Затем он представил, как он выглядит с высоты тверди небесной: сидит покорно в комнатушке, курит, замаранный, вывалянный в грязи в каждый миг своей жизни, с первого до нынешнего, но не желает встать и уйти, а хочет познать себя — сильный он или слабый, смешно ему или не до смеху.
Через полчаса — всего-то полчаса! — он спускался по лестнице, прокручивая в голове все грязные подробности, лицо, руки, тело и как все происходило. И леденящую душу смертельную тишину, бессилие, неспособность смеяться, истинное уродство.

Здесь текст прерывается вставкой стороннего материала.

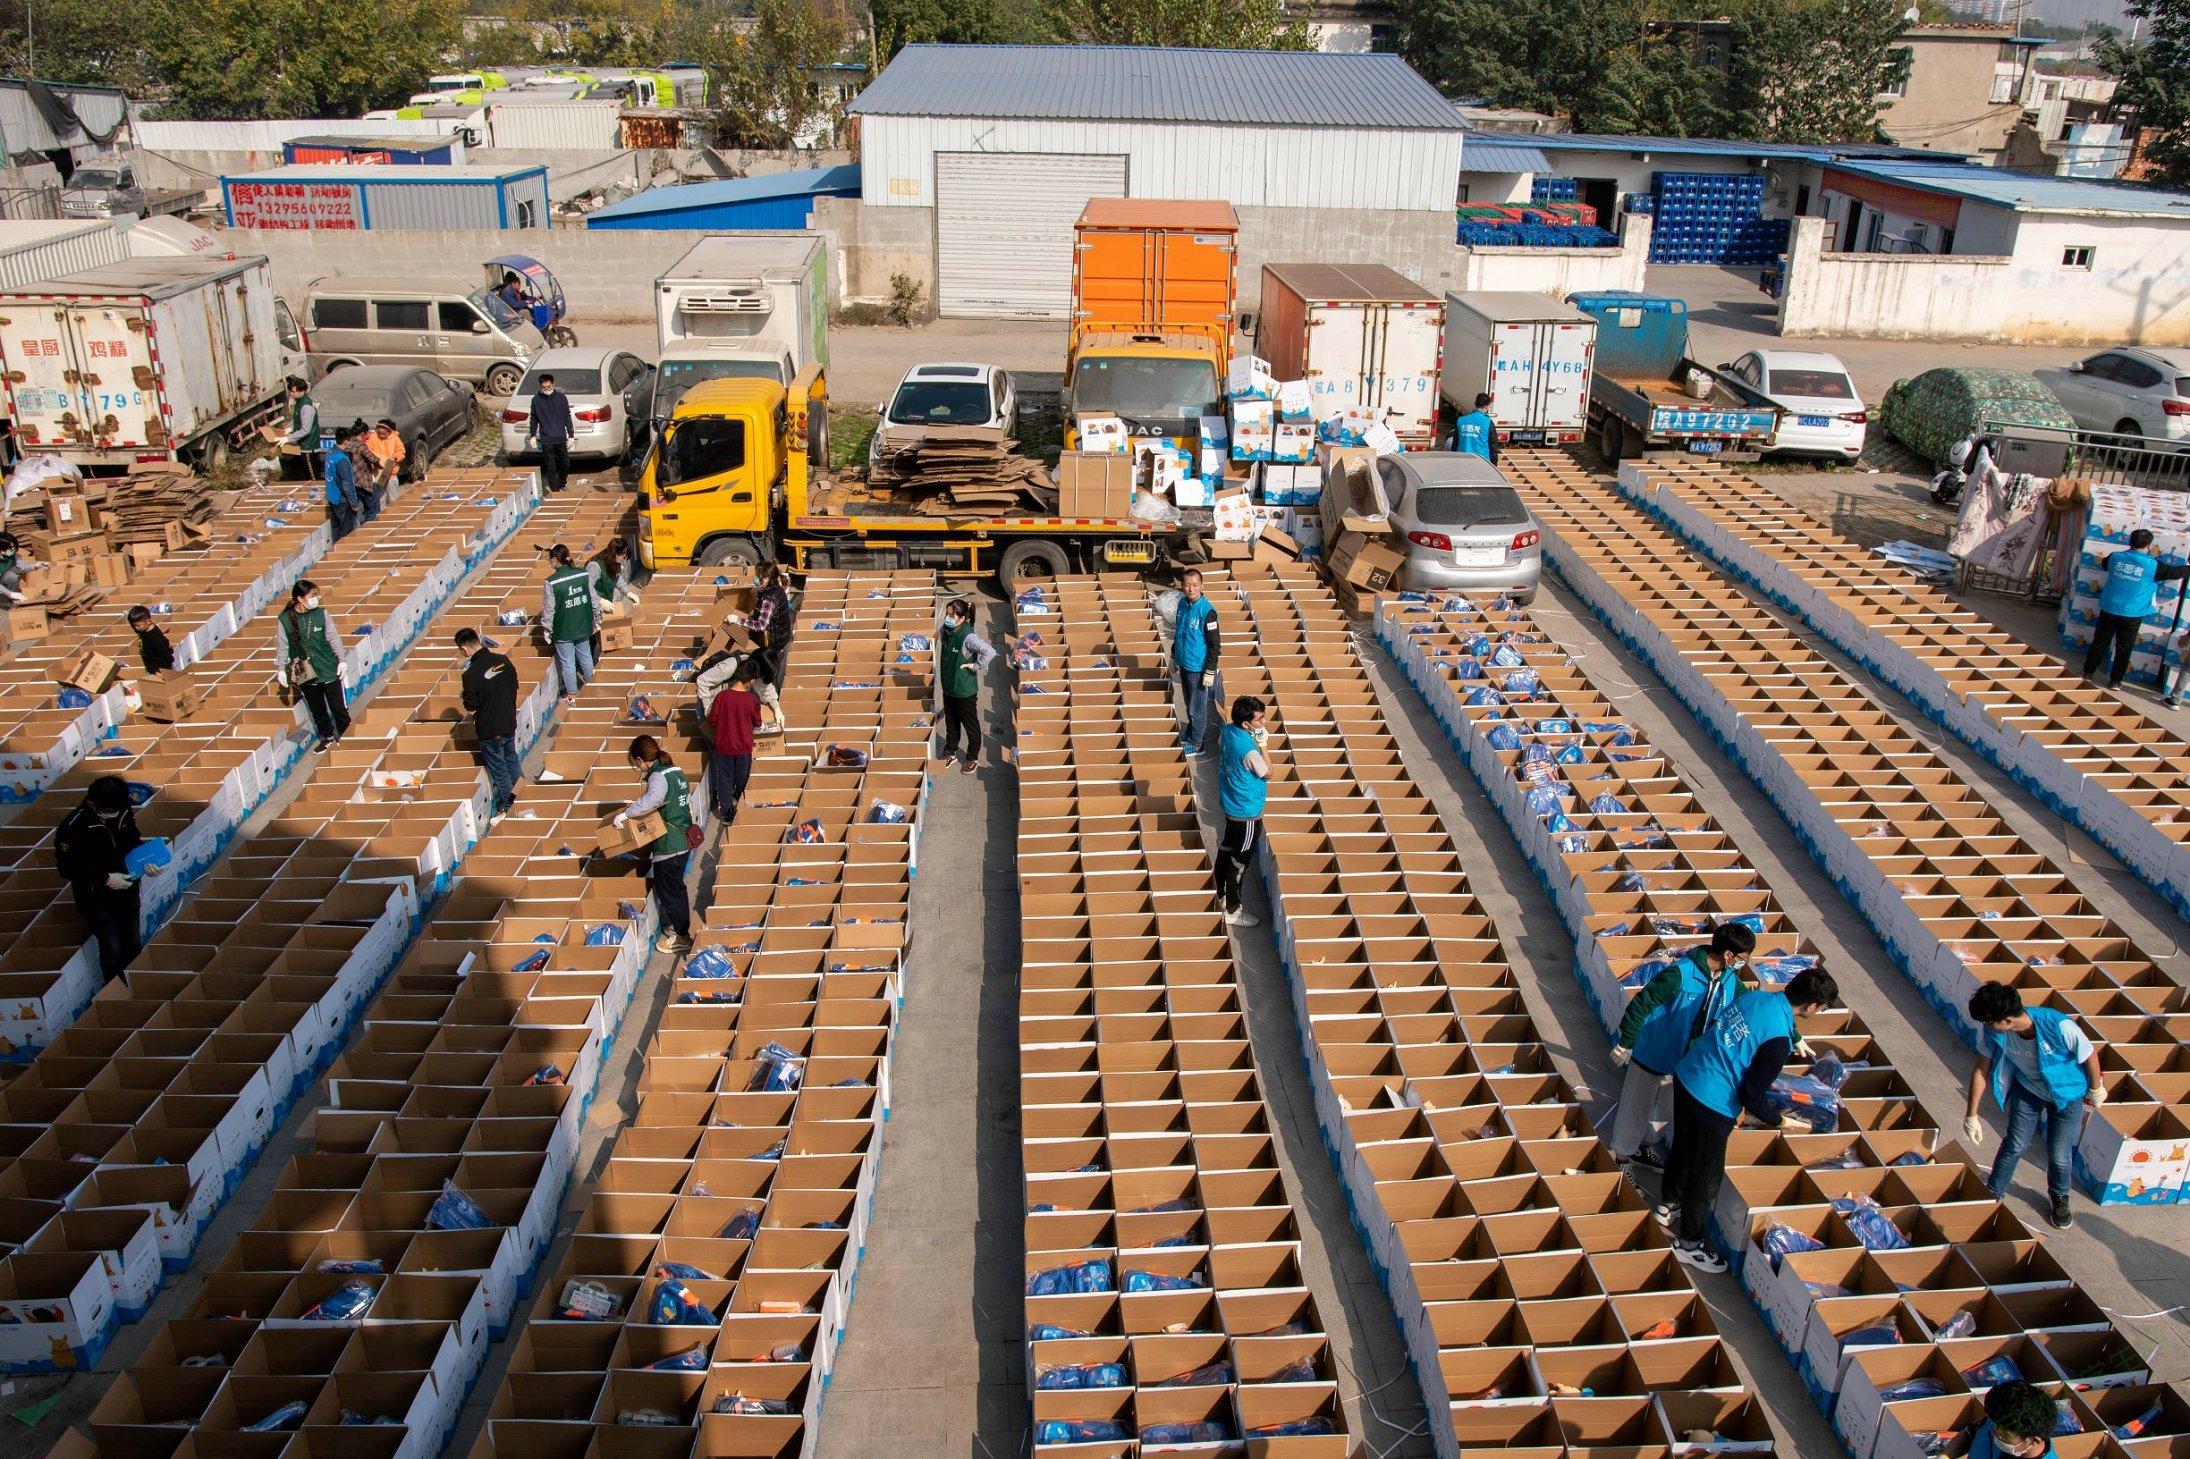 合肥工业大学材料学院助力壹基金温暖包分装项目

Потрясенный, он бежал из китайского квартала в ужасе и негодовании. Он увидел, что этот мир пошлый, плоский, дешевый, продажный и бессмысленный. Но хуже всего то, что он увидел себя — человечишку — безмозглую дешевку, себя — продажного, бессовестного, дрянного. И хотел посмеяться над собой, но не смог. Он хотел посмеяться над всем миром, лживостью всего живого, но не смог.
Он бродил по городу, не зная, куда идти и зачем он болтается здесь и боится самой мысли о возвращении домой. И все, о чем он мог думать, — это отвратительная мерзость истины, извечная мелочность человека и притворство человечества.
Он долго слонялся и, наконец, вернулся в отчий дом. Когда его позвали к столу, он сказал, что не голоден, отправился к себе в комнату, взял книгу и попытался читать. Слова на страницах были уклончивы, подобно всему остальному. Он закрыл книгу и попытался сидеть и не думать, но это было невозможно.
Он не мог отделаться от чувства продажности всего на свете, бессилия, бесчестия, неспособности смеяться.
Мать забеспокоилась и, стоя у его двери, услышала его плач. Поначалу она не поверила своим ушам, но потом поняла, что это неподдельный плач, как временами ее собственный, и она подошла к отцу мальчика.
— Он там один. Плачет, — сказала она мужу. — Сэмми, наш сынок, плачет, отец. Сходи к нему, отец. Я боюсь. Узнай, почему он плачет.
И бедная женщина сама расплакалась. Она почувствовала, что, наконец, он стал как все, маленький, беззащитный мальчик, ее сынок, и все твердила:
— Отец, Сэмми плачет. Он плачет, отец.